▸ **TASK BRIEF**: Below are the records. Retype exactly the lines between the lines holding "Honeywell MK VI, MK" and "Mamoplastia-Ci", inclusive.

▸ **WORKING DATA**:
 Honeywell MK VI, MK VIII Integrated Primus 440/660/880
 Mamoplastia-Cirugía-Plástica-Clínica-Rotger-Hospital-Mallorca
...
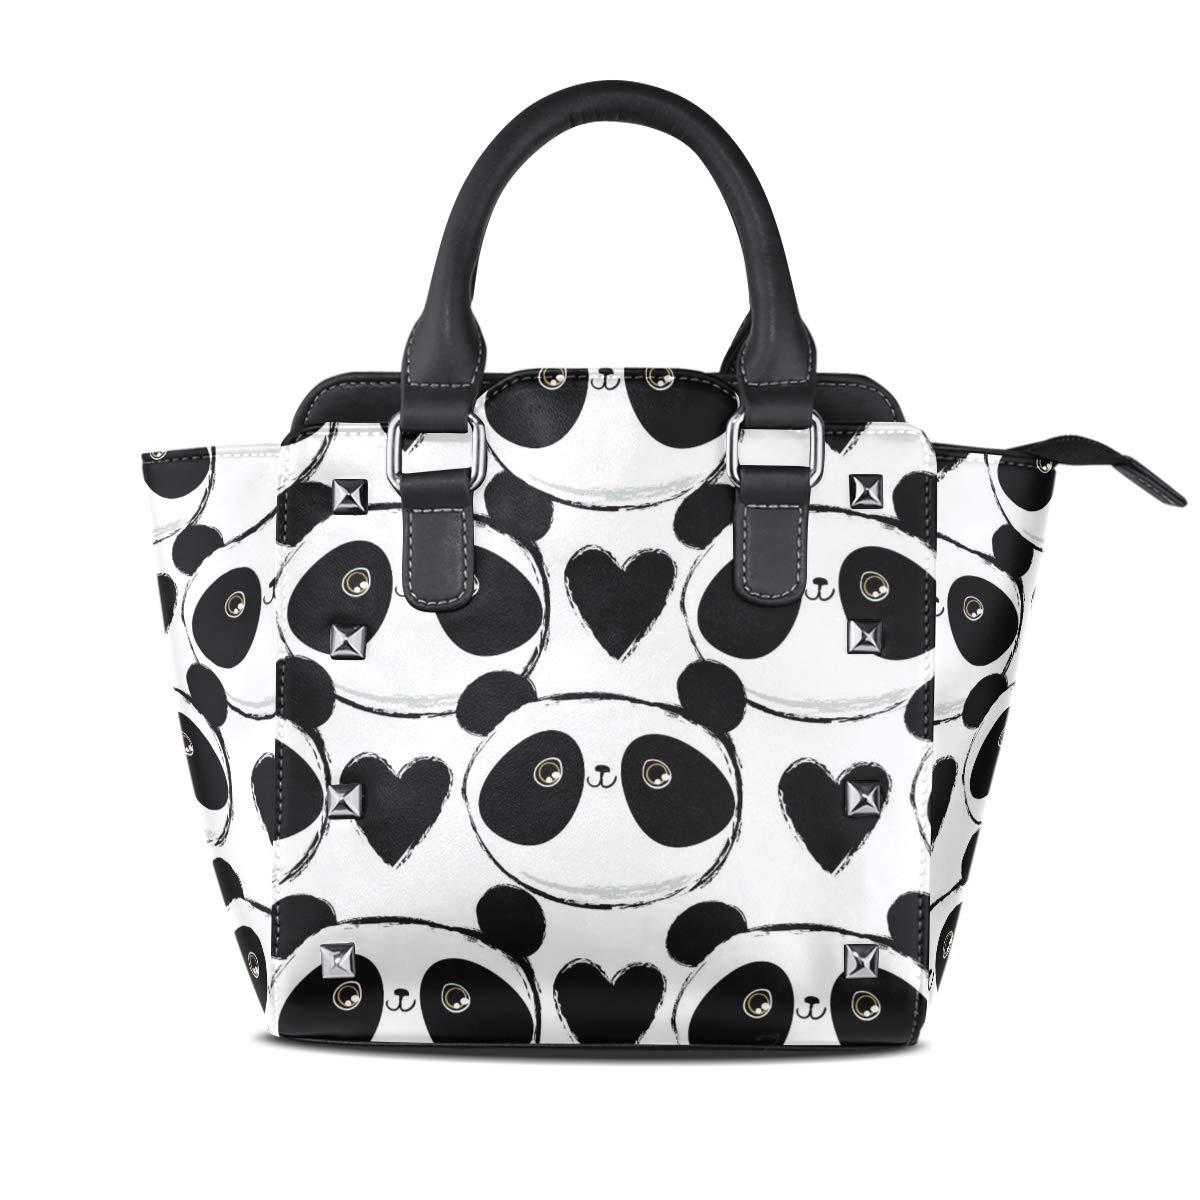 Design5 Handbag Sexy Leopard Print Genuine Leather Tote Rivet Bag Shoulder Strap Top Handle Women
--
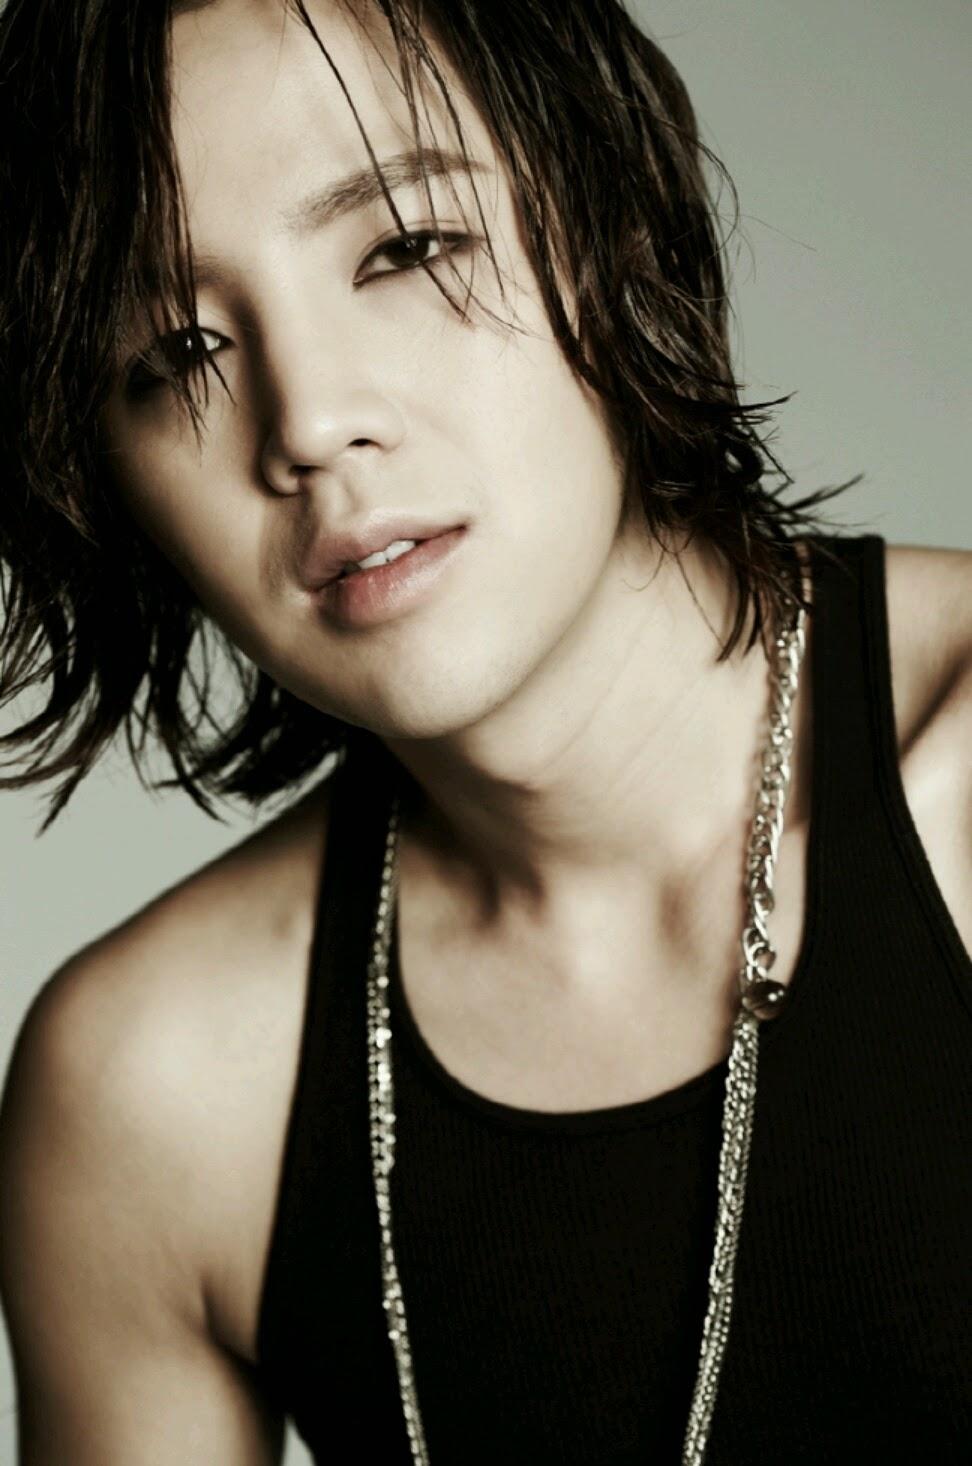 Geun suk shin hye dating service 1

▸ **FINISHED EXERCISE**:
 Honeywell MK VI, MK VIII Integrated Primus 440/660/880
 Mamoplastia-Cirugía-Plástica-Clínica-Rotger-Hospital-Mallorca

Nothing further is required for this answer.